AI and Energy: The Numbers Nobody Gets Right

Everyone's talking about AI's energy problem. Most of the numbers floating around are wrong, outdated, or missing context. Let me try to fix that.

Training Gets the Headlines. Inference Is the Story.

Most people assume AI training is the energy hog. That was true in 2020-2022, when roughly 70-80% of AI energy went to training. But the balance has flipped dramatically.

In 2025-2026, inference now consumes 80-90% of total AI compute energy.

Why? Training happens once. Inference — every ChatGPT query, every Copilot suggestion, every API call — happens billions of times per day. The cumulative cost of serving those requests dwarfs the one-off training runs.

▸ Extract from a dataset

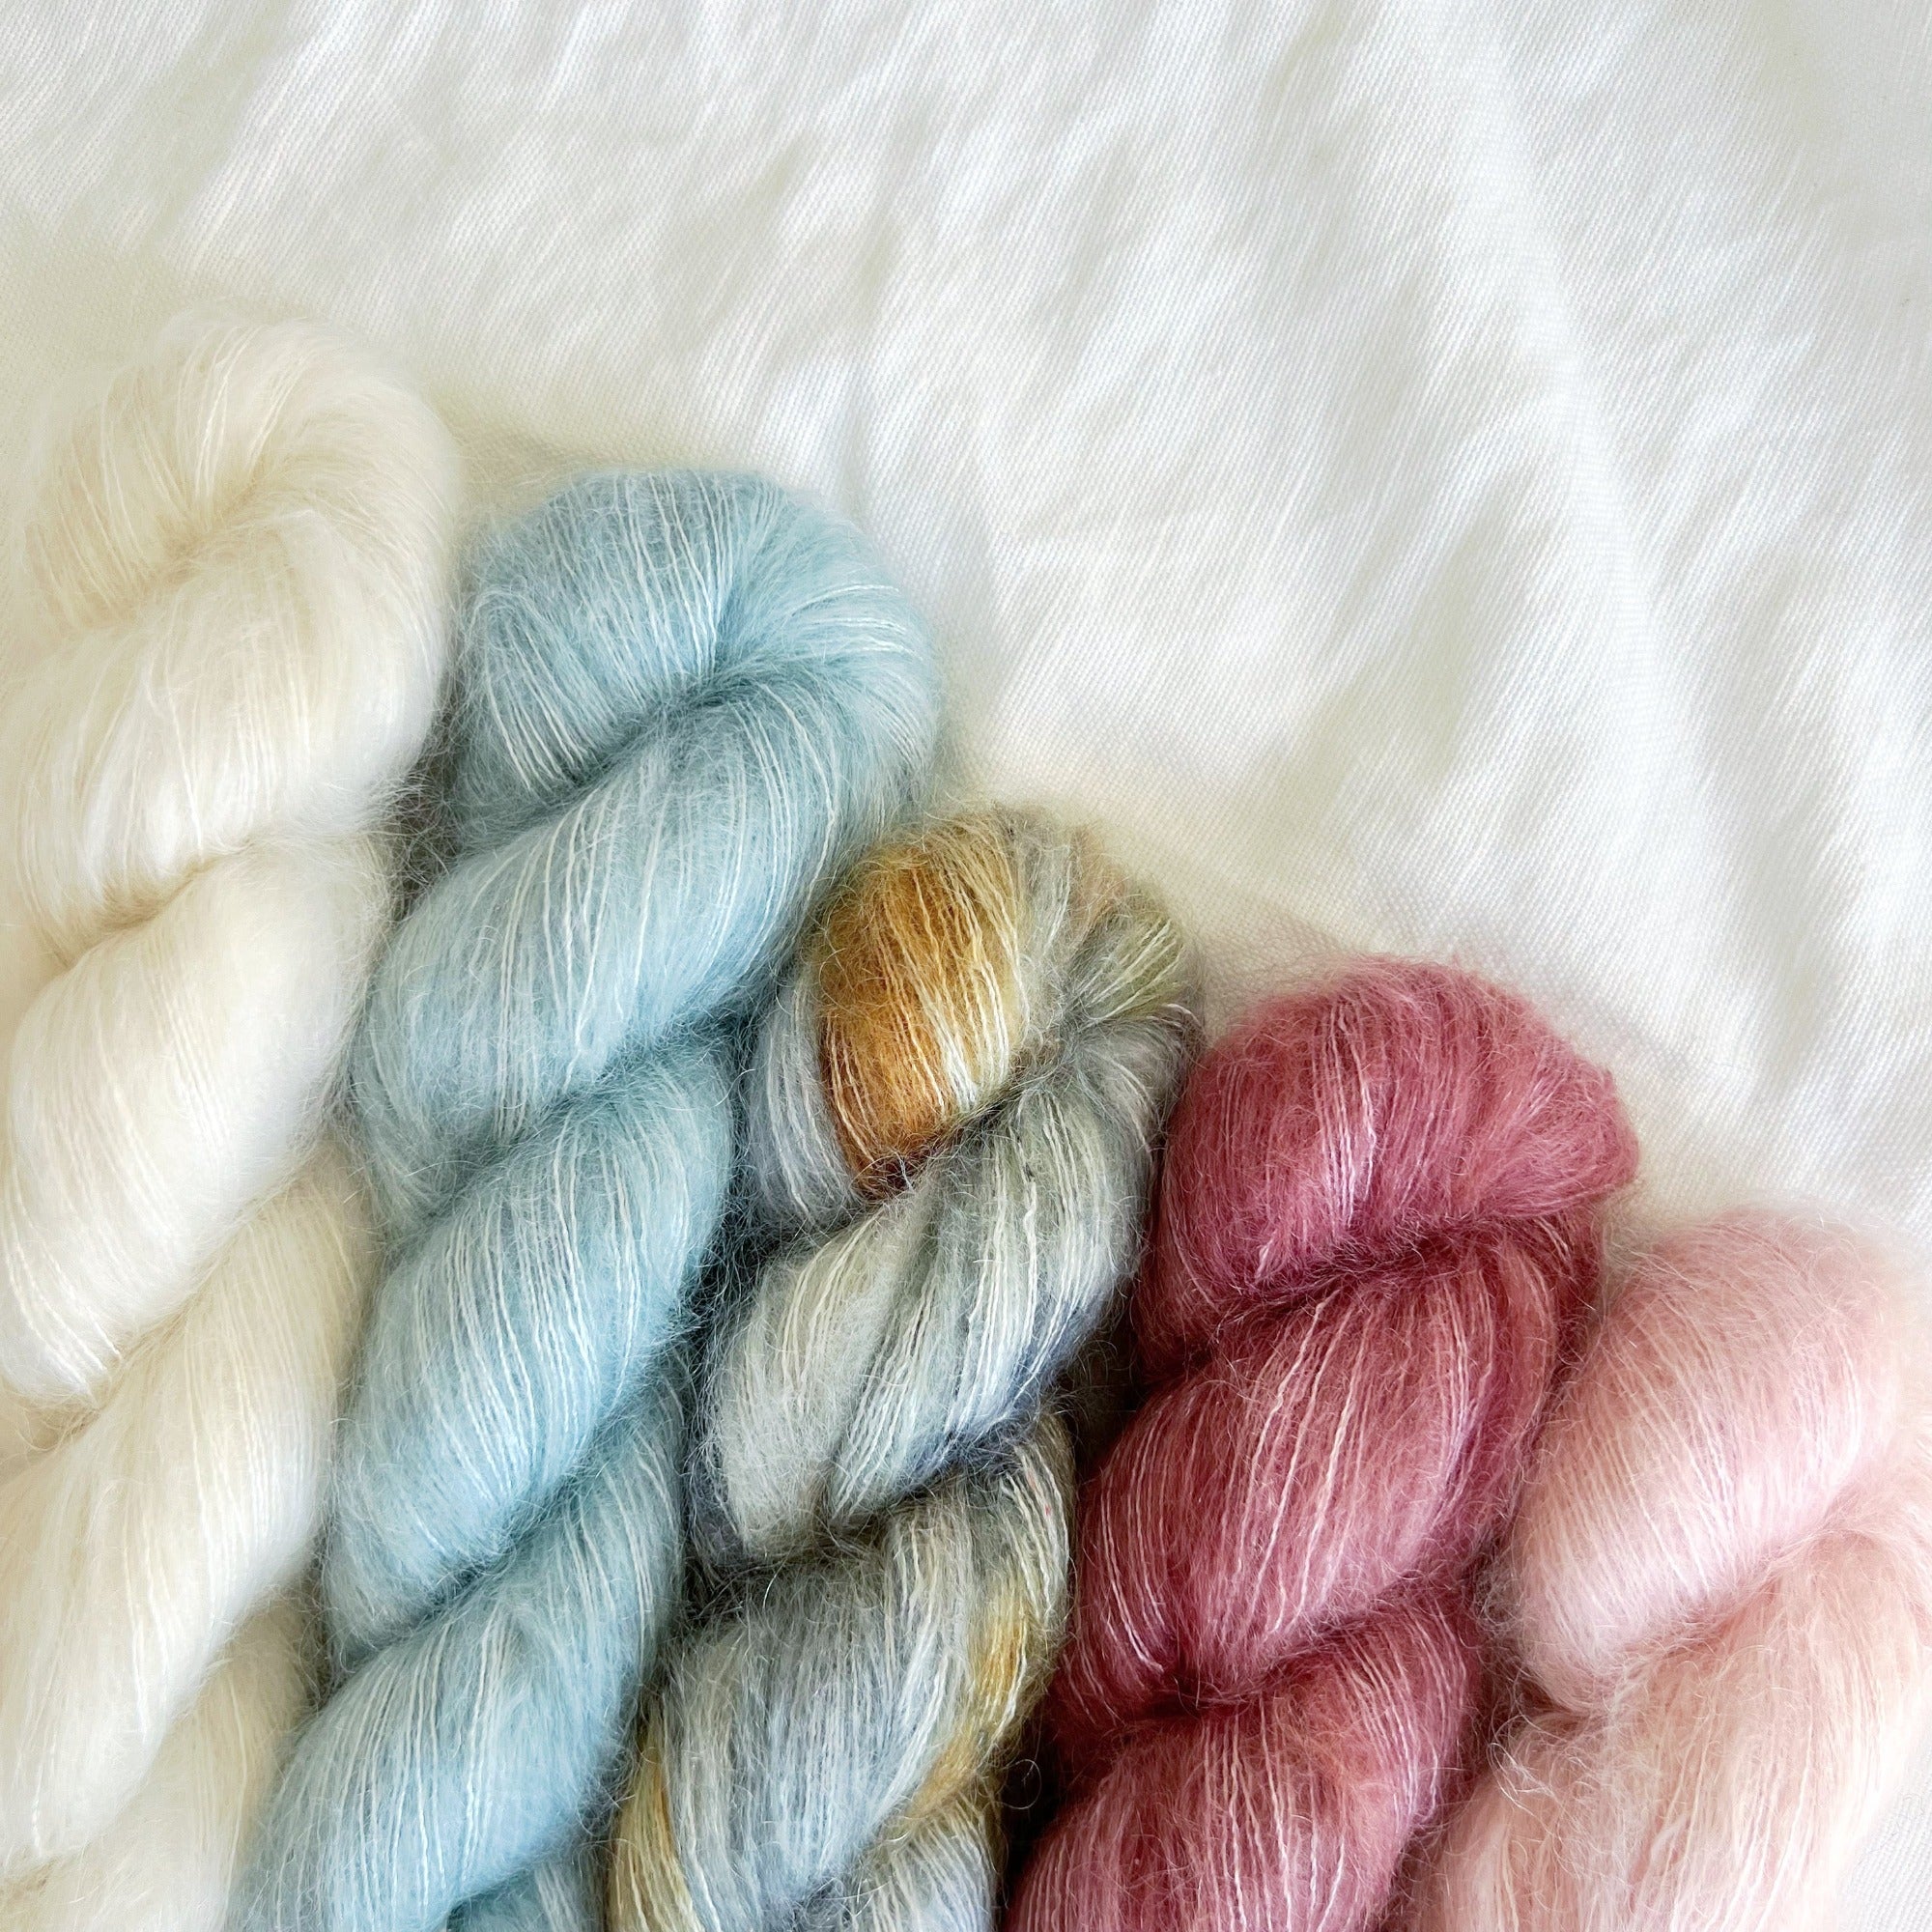 Shangdrok Hand-Dyed Mohair Silk

To put training in perspective: GPT-3 used about 1,287 MWh to train — equivalent to powering 130 US homes for a year. GPT-4 used an estimated 50,000+ MWh. These are big numbers in isolation. They're rounding errors compared to the energy cost of serving billions of queries across millions of users, every day, indefinitely.

The Data Centre Problem

Global data centres already consume about 1-1.5% of world electricity — roughly 460 TWh in 2024. AI is projected to push this to 4.6% by 2030 (IEA estimate). Goldman Sachs projects data centre power demand will increase 160% by 2030.

A single ChatGPT query uses roughly 10x the energy of a Google search. That doesn't sound like much until you multiply it by billions of daily queries. The IEA projects AI-related electricity demand alone could reach 800 TWh by 2030 — more than the entire country of Germany uses.

The hyperscalers know this. Amazon, Google, and Microsoft are all investing in nuclear energy. Microsoft signed a deal with Constellation Energy for the Three Mile Island nuclear plant. Google invested in small modular reactors. Amazon acquired a nuclear-powered data centre campus.

When tech companies start buying nuclear plants, you know the energy problem is real.

The Water Problem Nobody Mentions

It's not just electricity. Data centres need cooling, and cooling needs water. Microsoft's water consumption increased 34% in one year, largely attributed to AI workloads. Google reported a 20% increase. A single data centre can use as much water as a small town.

In drought-prone regions, this creates real tension with communities. It's one thing to abstract "AI energy use" as a global statistic. It's another when the data centre next door is consuming water your local farmers need.

The Local Model Counterargument

Here's where it gets interesting. Google just released Gemma 4, an open-weight model family that runs on consumer hardware. The smallest variant runs on a Raspberry Pi. The largest runs on a single consumer GPU.

I've been running local models for over a year. The experience has improved dramatically — Ollama, LM Studio, and similar tools make it genuinely practical to run capable AI on your own machine. No cloud. No data centre. No water cooling.

The energy cost of a local inference is a fraction of a cloud inference. Your MacBook Pro uses maybe 30 watts running a local model. A data centre GPU uses 300-700 watts per card, plus cooling overhead.

Of course, local models are less capable than frontier cloud models. You're not running GPT-5 on a laptop. But for 70-80% of daily AI tasks — drafting emails, summarising documents, code suggestions, simple analysis — local models are good enough. And they're getting better fast.

The 90/10 Split

I think the future looks like this: 90% of AI queries run locally on devices, using small efficient models. 10% of queries hit cloud infrastructure for tasks that genuinely need frontier-scale intelligence.

This would dramatically reduce the energy footprint of AI. Not because AI uses less energy in total, but because most of that energy comes from your existing device's power supply rather than a water-cooled data centre in Virginia.

The phone on your desk, the laptop in your bag, the GPU in your workstation — these are already powered. Running a local model on them is nearly free in energy terms. The marginal cost is essentially zero.

Where I Land

AI's energy problem is real but solvable. The solution isn't "use AI less" — that's not going to happen. The solution is moving compute to the edge, improving model efficiency, and reserving cloud infrastructure for the tasks that genuinely need it.

The worst outcome is the current trajectory: every query routed to cloud data centres, energy demand growing exponentially, and hyperscalers buying nuclear plants to keep up. The best outcome is a world where your devices are smart enough to handle most tasks locally, and the cloud is reserved for the 10% of work that truly requires it.

We're closer to the best outcome than most people realise. The models are getting smaller and more efficient fast enough that running AI locally will be the norm, not the exception, within a few years.

The greenest AI query never leaves your desk.